The End, but not really
If it wasn’t obvious by now, there is no end to pursuing happiness, and you would do well to understand the time to be happy is never “as soon as”, it is now, always. This isn’t to say that one can expect to feel happy at every moment of every day, rather, I want you to try to understand that both happiness and depression can be just a few steps away from anywhere you find yourself. I’ve had days where I was convinced I was back in the pit of depression, only to find myself what felt like miles away from it the next day. The progress you make will stick with you forever, even if it occasionally becomes difficult to feel and access.
I’ll leave you with an entry from my journal that I wrote on the very day I discovered and truly felt love for myself for the first time in decades.

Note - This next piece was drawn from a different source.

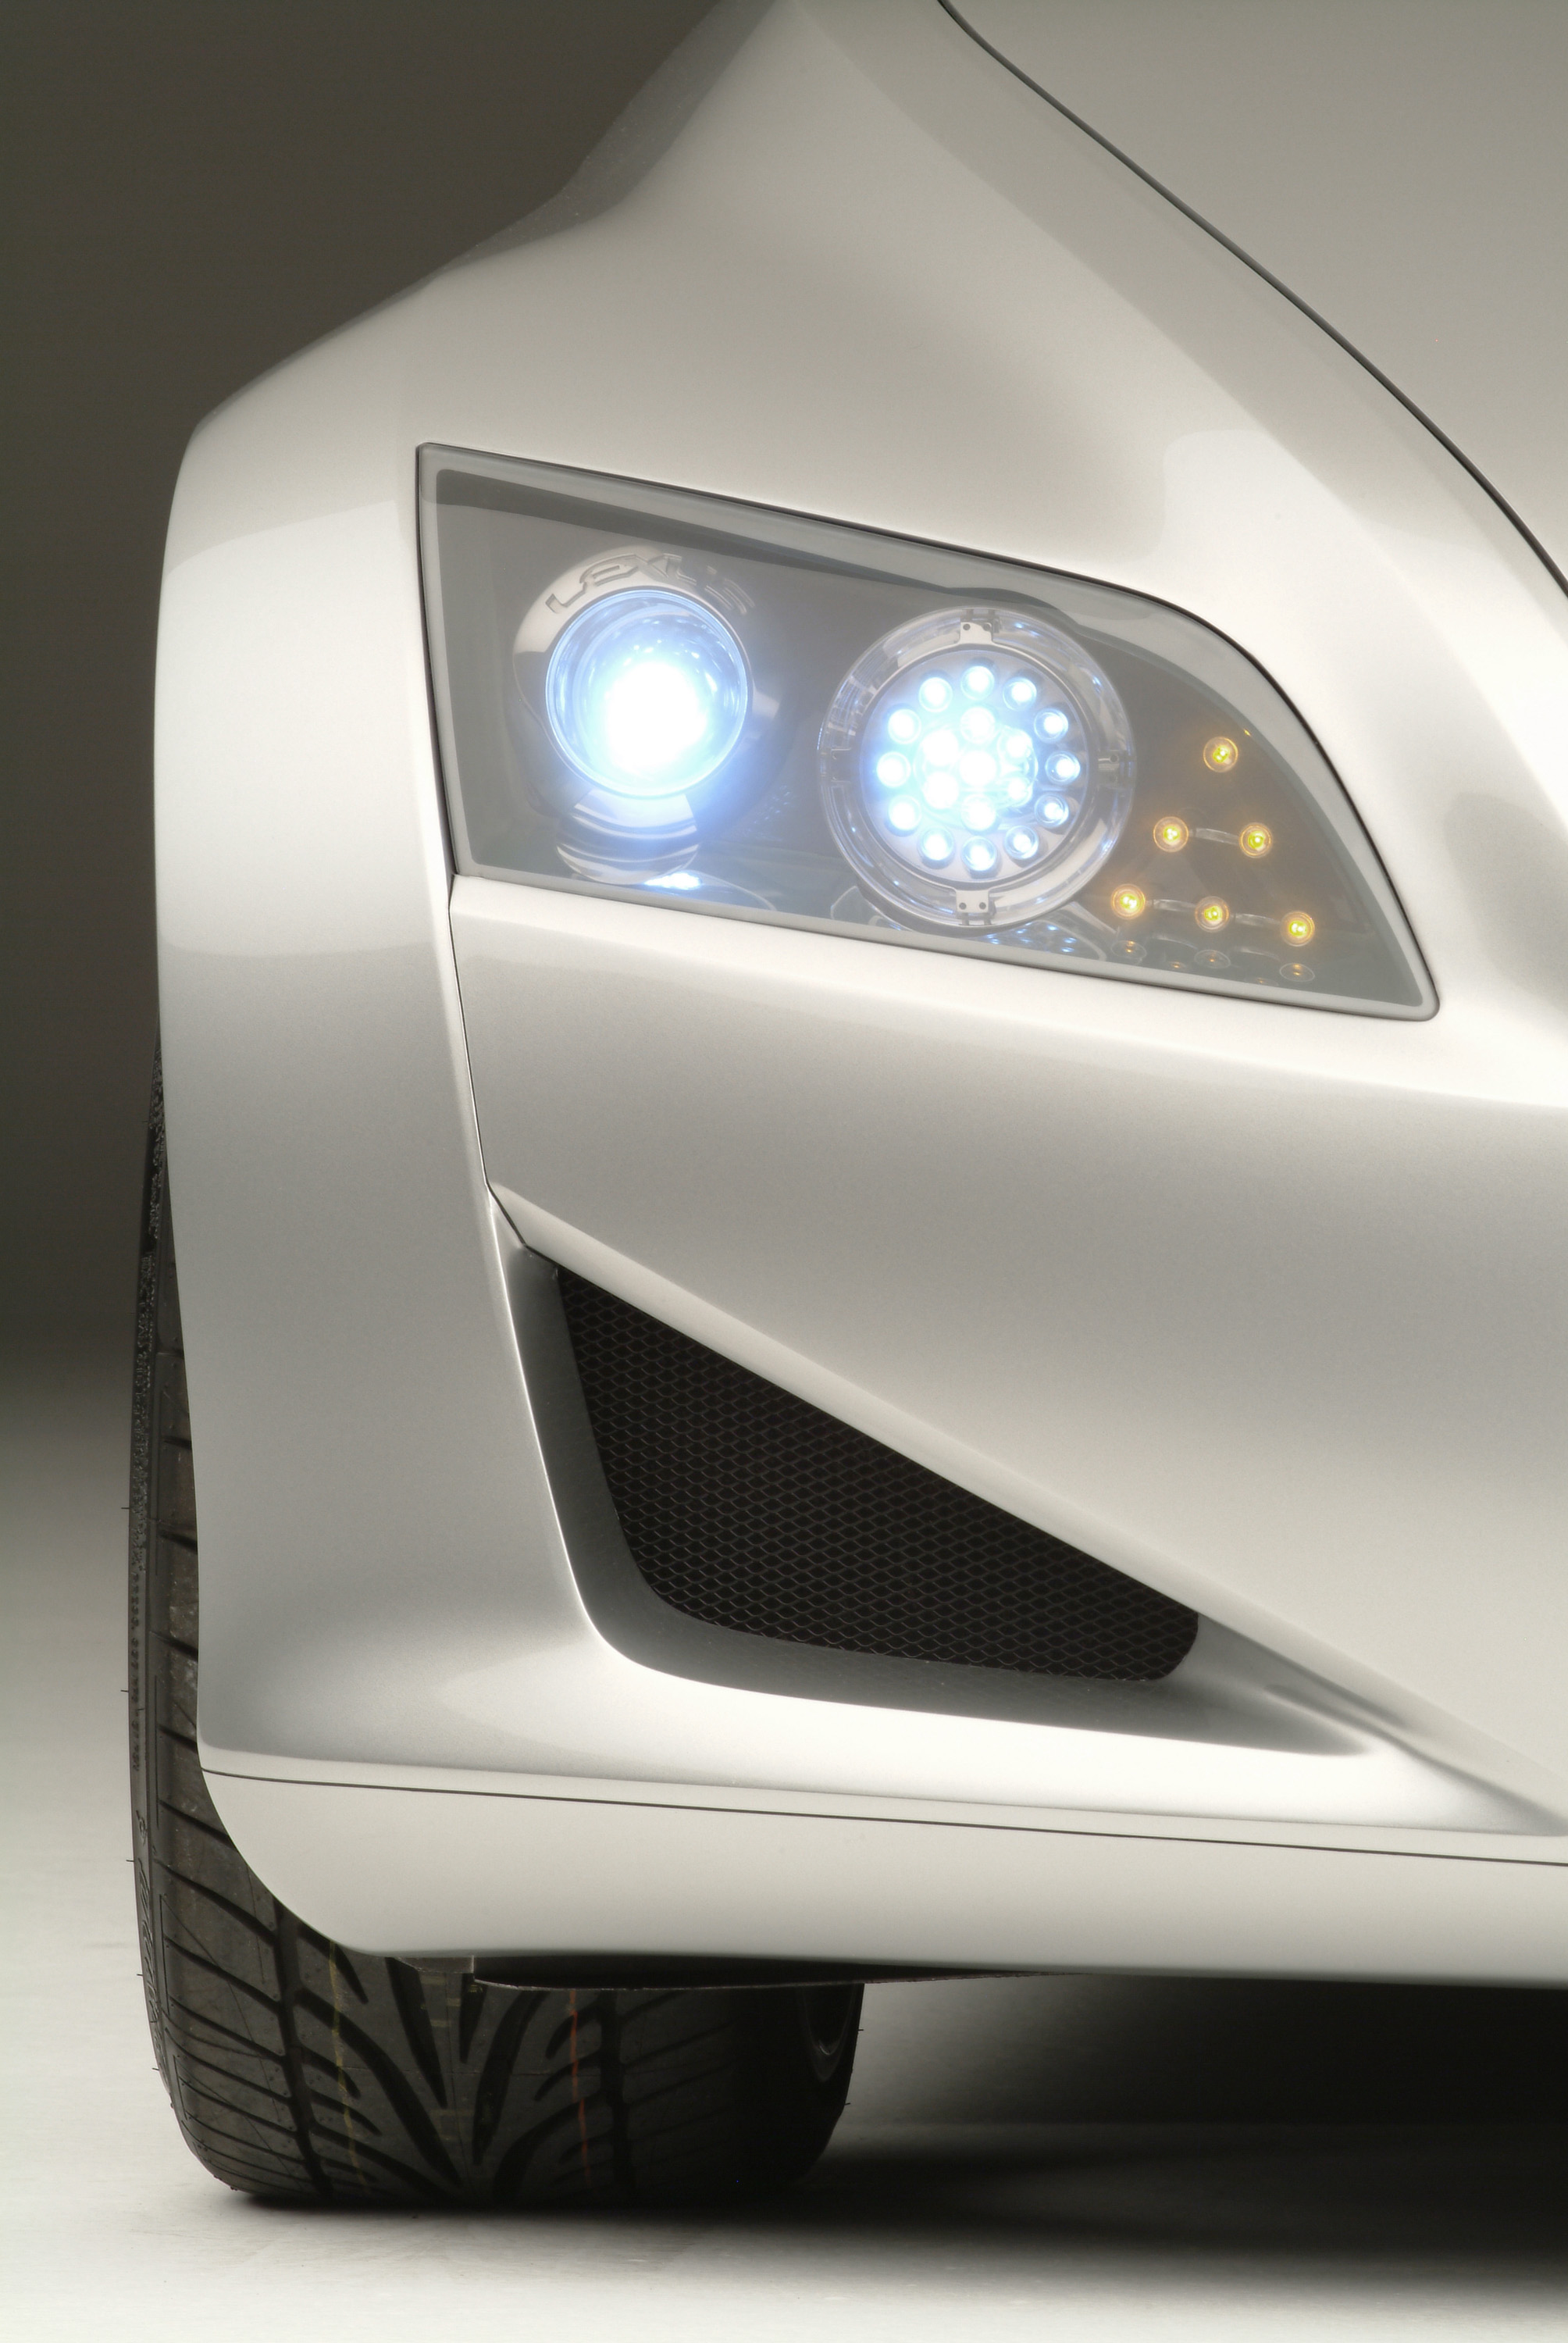 Lexus LF-C Concept

“I look at the Bryan inside, and he no longer looks like a quiet, defeated, scared little kid who can’t figure out why I hated him, or why everything hurt so much all the time and for so long. He looks alive and complete now, as if he’s been embraced and accepted by exactly what he was searching for the entire time. He’s not standing still anymore either, he’s moving and growing FAST, with an ear-to-ear smile and a clear determination to achieve, love, and be loved more each day. More than anything, he’s eager to show me all he’s been doing while he awaited my love and acceptance.”
One last thing:
A book (or anything, for that matter) can make little sense and be frustrating on one experience consuming it, and life-changing the next. It all depends on our perceptions and what we’re ready to hear. I did my best to write this book in a way that makes it as easy to reread as possible. If anything in this book spoke to you, but you ultimately found that it could not help you where you are currently, I strongly suggest reading, or even skimming through it again at a later date. I have done this with several books, and some of them ended up being life-changing for me on the second or third readthrough. Whichever manner you choose to pursue happiness, I wish you the best of luck, and I encourage you to remember that you are worth loving and you deserve happiness, unless you like pineapple on your pizza, in which case you can kindly go fuck yourself.